Meus passos logo tomam o ritmo de uma caminhada em direção ao amor [ainda que não saiba o que é amor]. A cada passo a curiosidade lê a vida matutina da cidade. Os olhos se iluminam de novidades, de ruas, de esquinas, de casas, de parques e de pequenos segredos insuspeitos.

Pouco a pouco uma pontinha de mar se revela às retinas. Um sorriso se coloca. Sinto música preenchendo os vazios. Não é uma caminhada qualquer.

Pouco a pouco percebo que na maturidade o amor se revela aos poucos. Passaram as noites de encantamento. Os jantares en la ciudad Vieja. O gramacho naquele pub de subsolo com gosto de tradição. A sedução do primeiro encontro. Ficou a curiosidade pelas pequenas imperfeições, as irregularidades de caráter,  as falhas. Restou o desejo pelo amor real que se constitui pelo olhar atento a tudo o que faz parte.

Imagino onde se escondem suas sombras enquanto as palmeiras contrastam com o imenso céu azul desta manhã fresca, quase fria.

Um peixaria rude se apresenta ao olhar atento e a quem conhece a cidade dois ou três degraus abaixo do calçadão da Rambla. Fotografo. Vejo a cidade um pouco além de sua bela arquitetura e seu urbanismo de escalas largas.

Sigo. [sempre sigo]. Miro à direita e vejo Bulevard General Artigas ampla. Arrisco-me a encarar o percurso. Ora caminho, ora corro e assim percorro minha história ao atravessar a principal avenida da cidade.

Nem sempre é fácil e em dado momento sinto-me perdida. Há um homem que dorme sob o viaduto centenário. Sei onde estou, sei aonde essa alameda conduz. A história ensina. Sigo. A história também faz parte. E ainda que não a entenda realmente, impossível não estar de acordo com o fato de que foi assim que aconteceu. É assim a cada passo. Um homem dorme sob um viaduto. A população negra é de 7% e pouco os vemos nas ruas. Sim, é assim. Os povos originários foram dizimados completamente. Sim, é assim.

Agora vejo e tudo faz parte da cidade. Montevidéu vai deixando aos poucos de ser uma idealização romântica de perfeição para tornar-me madura. Vejo beleza e verdade na calma e nos olhos profundos de sua gente. Gentileza nasceu aqui.
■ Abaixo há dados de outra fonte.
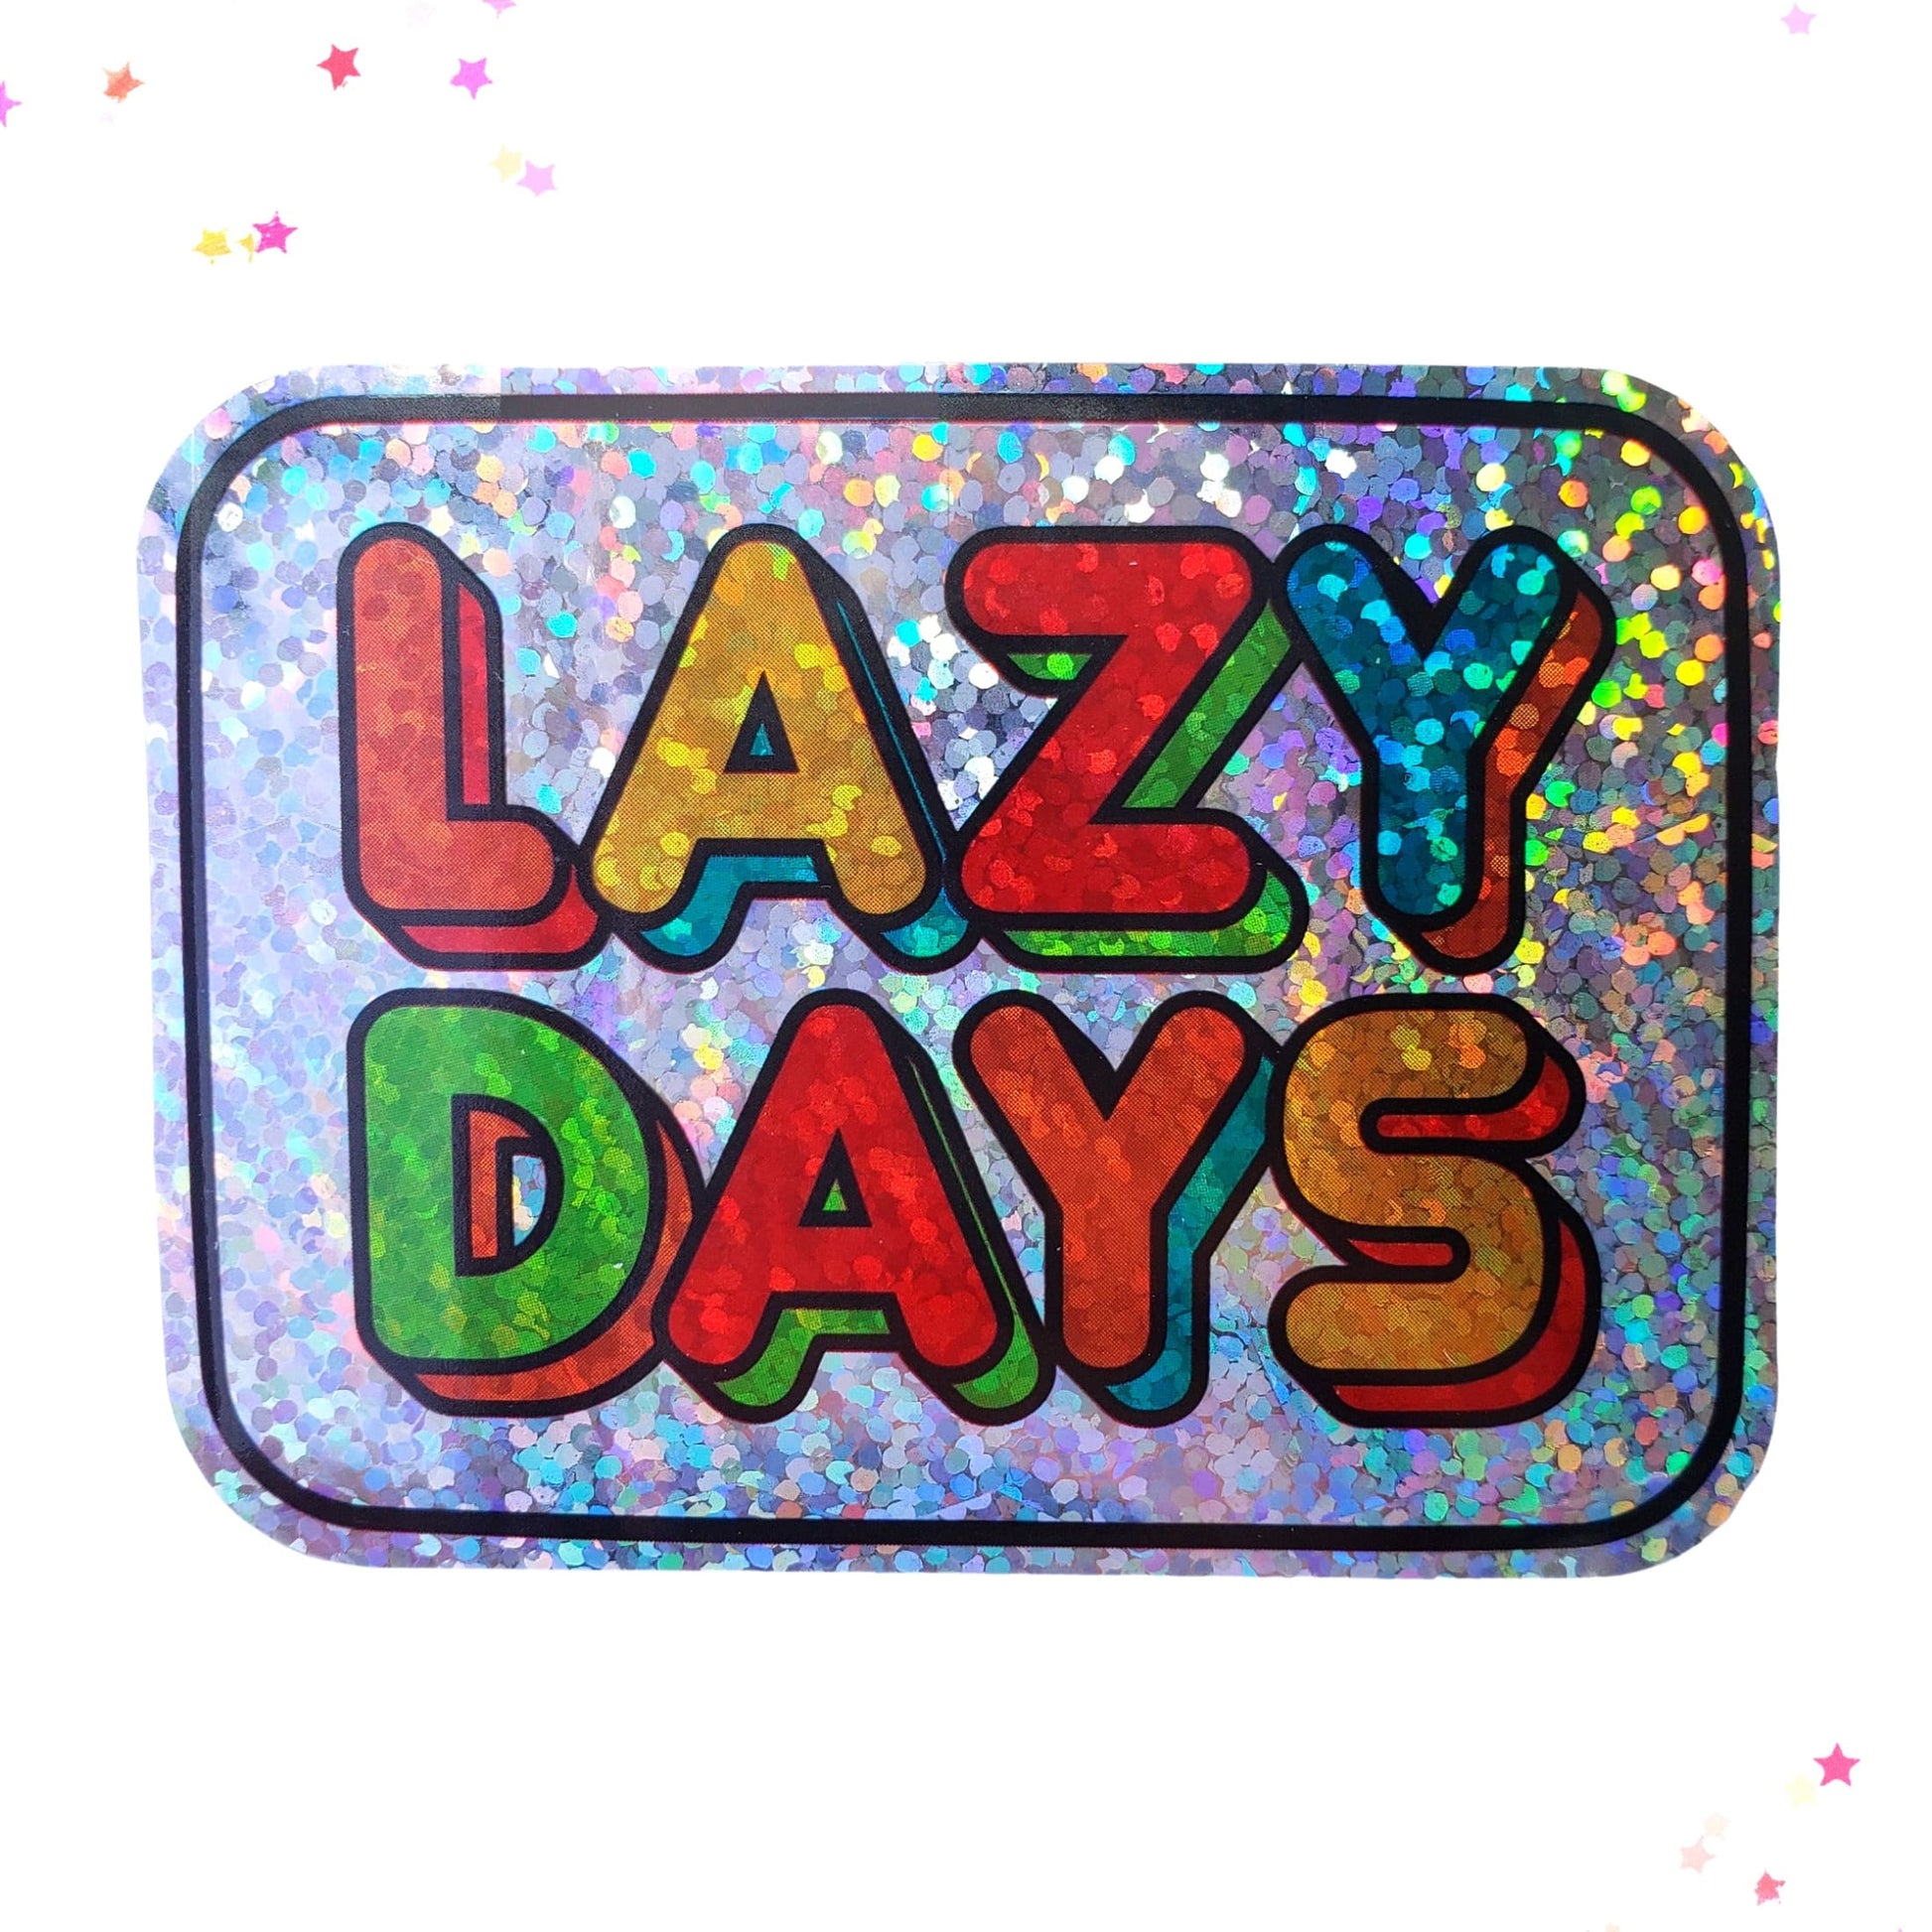 Premium Sticker - Sparkly Holographic Glitter Lazy Days from Confetti Kitty, Only 2.00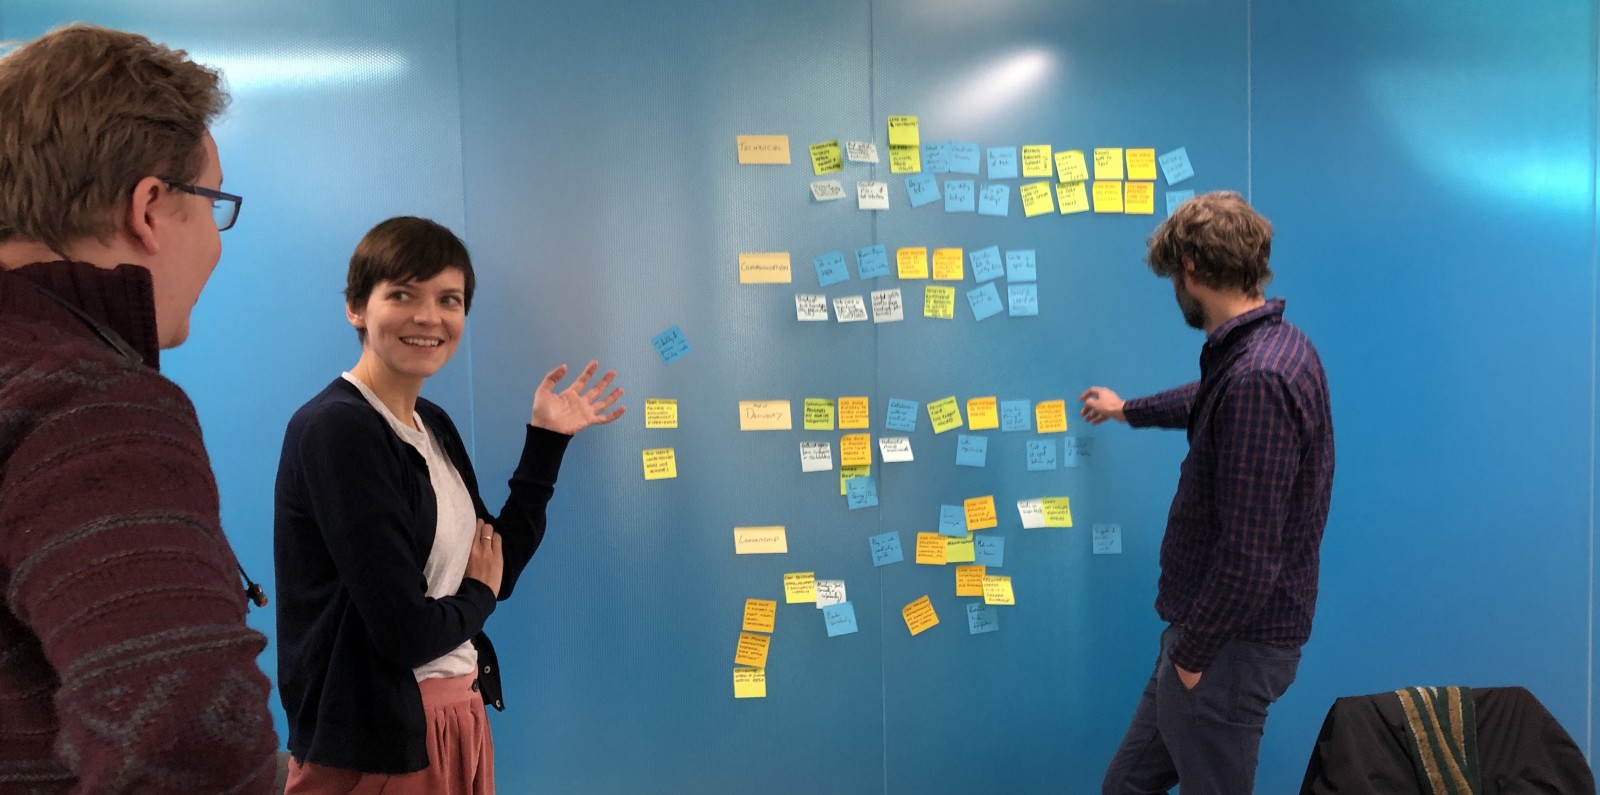 A spirited discussion about career competencies — complete with Post-it notes

Deixo-te agora, querida amiga, com meu amor pulsante e vivo. Deixo-te sem véus românticos e sigo.

Anita


sábado, 7 de outubro de 2017

Carta da Chegada

Querido amigo,

Estava de partida para Montevidéu e a mera expectativa de voltar me deslocara os sentidos. Senti-me preenchida e ao mesmo tempo agitada. Não poderia supor o que me esperava na cidade que mais gosto da América do Sul [tampouco sei agora]. É como se fosse a primeira vez.

É a primeira vez desde muito tempo. É a primeira vez sendo quem sou agora. É a primeira vez sendo outra. Um sorriso se ocupa do rosto enquanto vejo a Rambla desvela a cidade diante de mim.

De súbito me dou conta de que nunca estive aqui com Caio Marques [não sei porque ele veio agora]. Talvez porque sempre quis partilhar esse lugar com ele. Gosto de compartilhar meus lugares especiais com quem amo.

Surpreendo-me ao perceber que o amei. Quase preciso dizer pela primeira vez, em voz alta que o amei. Hoje soa ainda mais estranho do que quando aconteceu nosso encontro espalhado em sete cidades.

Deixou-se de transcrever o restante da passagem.